Prompt → In your copy of the listing below, reproduce each word exactly and include no pictures.

Data extract →
──────

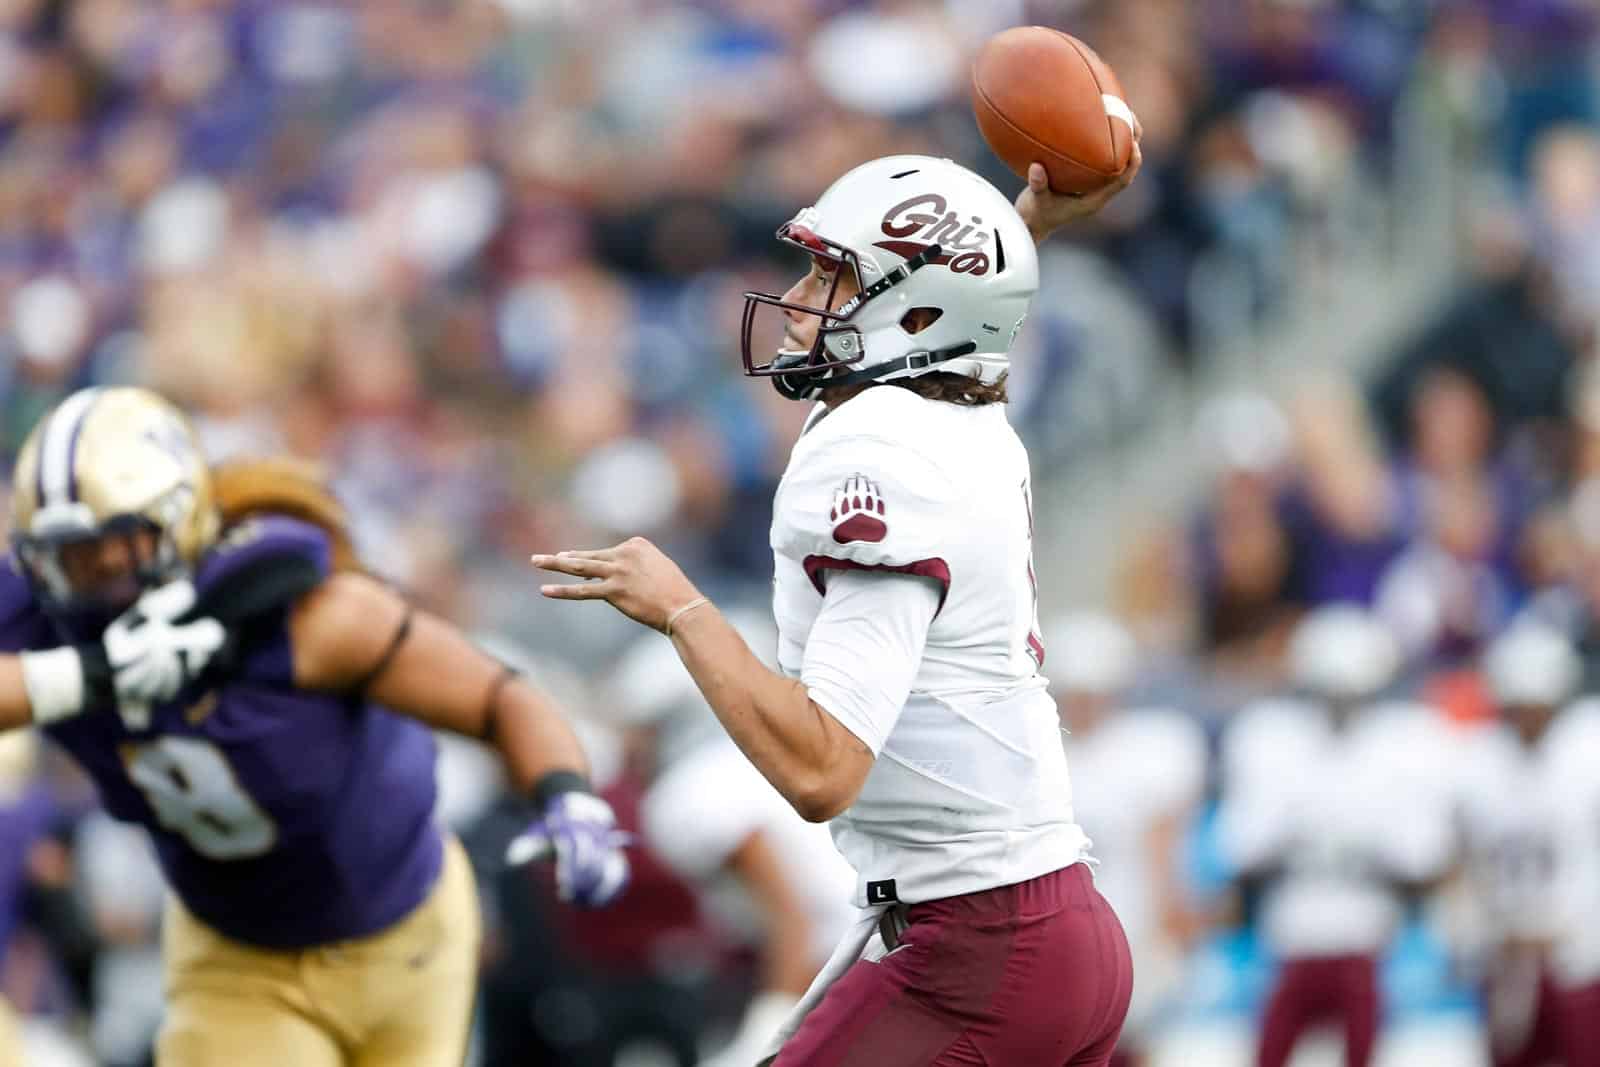 Montana Grizzlies Football Schedule 2022 Montana Adds Northwestern State, Completes 2022 Football Schedule
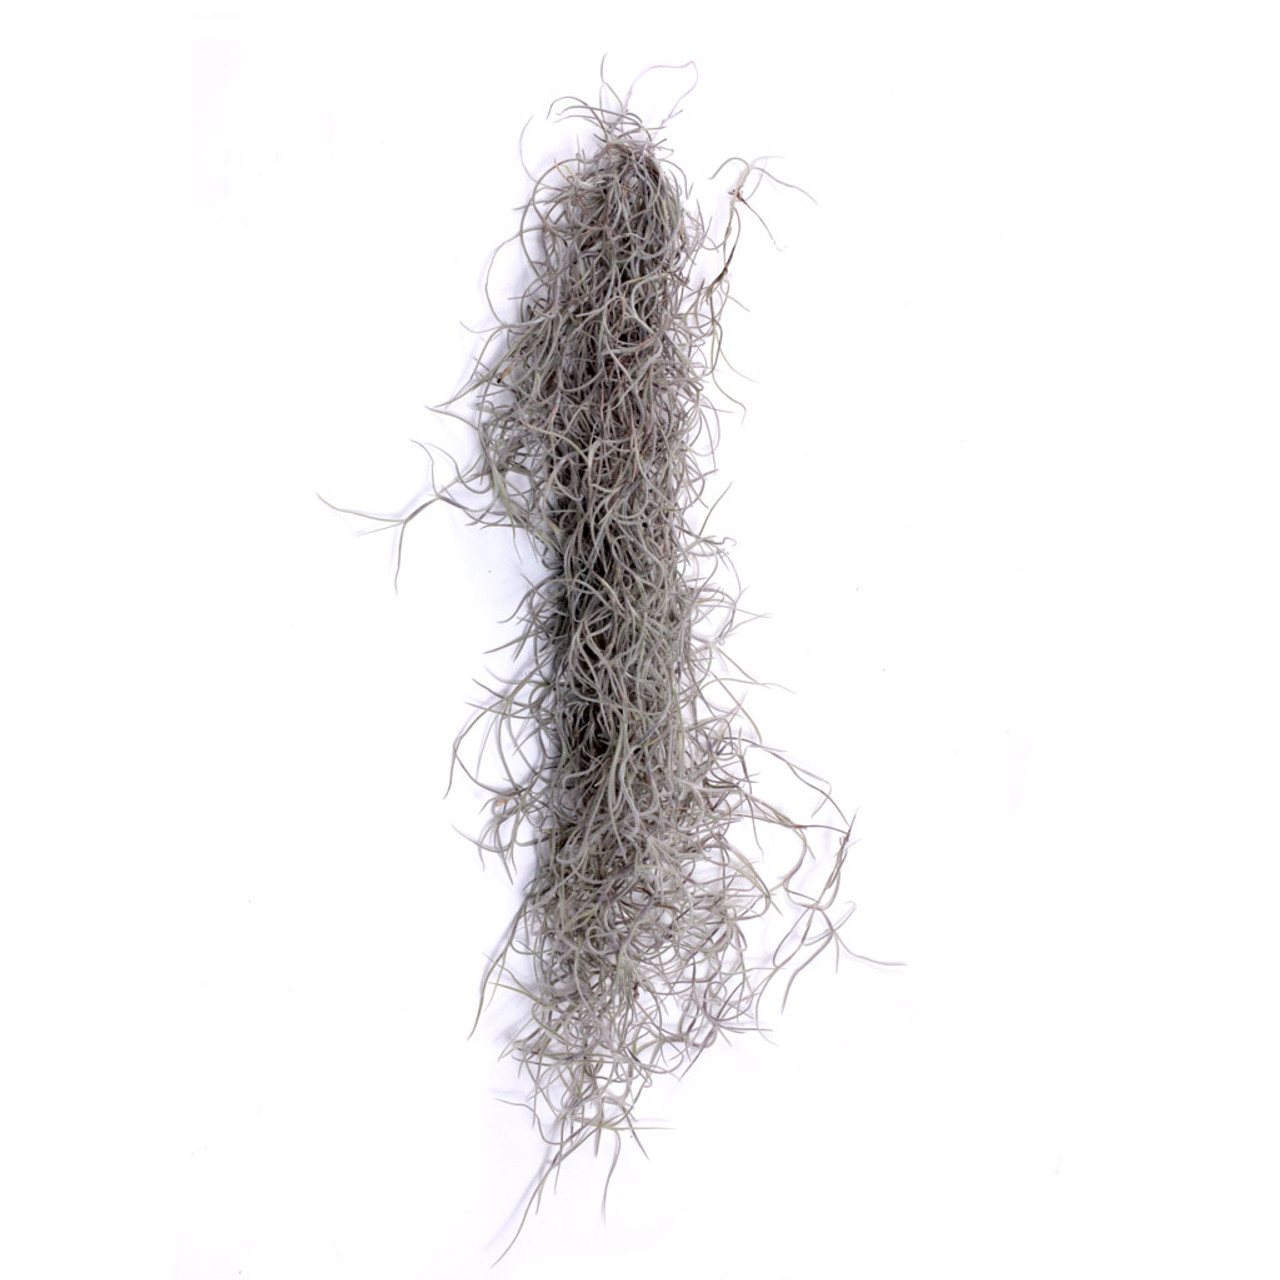 Spanish Moss ( Tillandsia Usneoides) Indoor Airplants at Rs 299.00
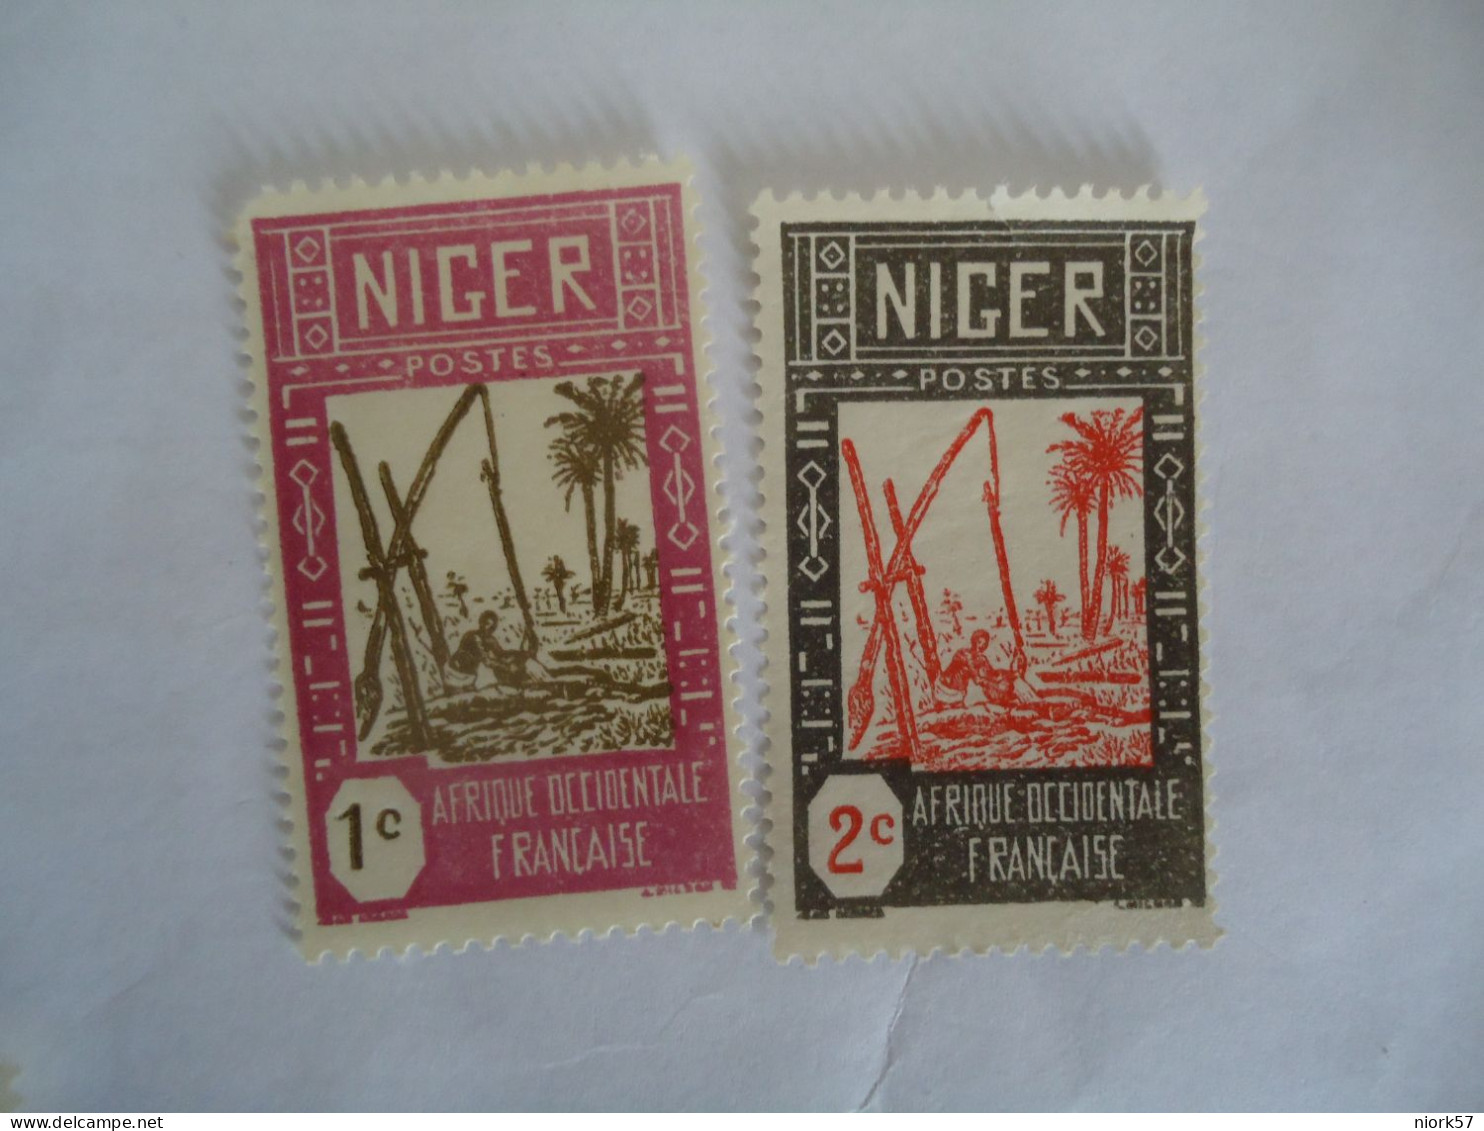 NIGER MLN 2 STAMPS WORKERS - Neufs

──────

Output below →
 Montana Grizzlies Football Schedule 2022 Montana Adds Northwestern State, Completes 2022 Football Schedule
 Spanish Moss ( Tillandsia Usneoides) Indoor Airplants at Rs 299.00
 NIGER MLN 2 STAMPS WORKERS - Neufs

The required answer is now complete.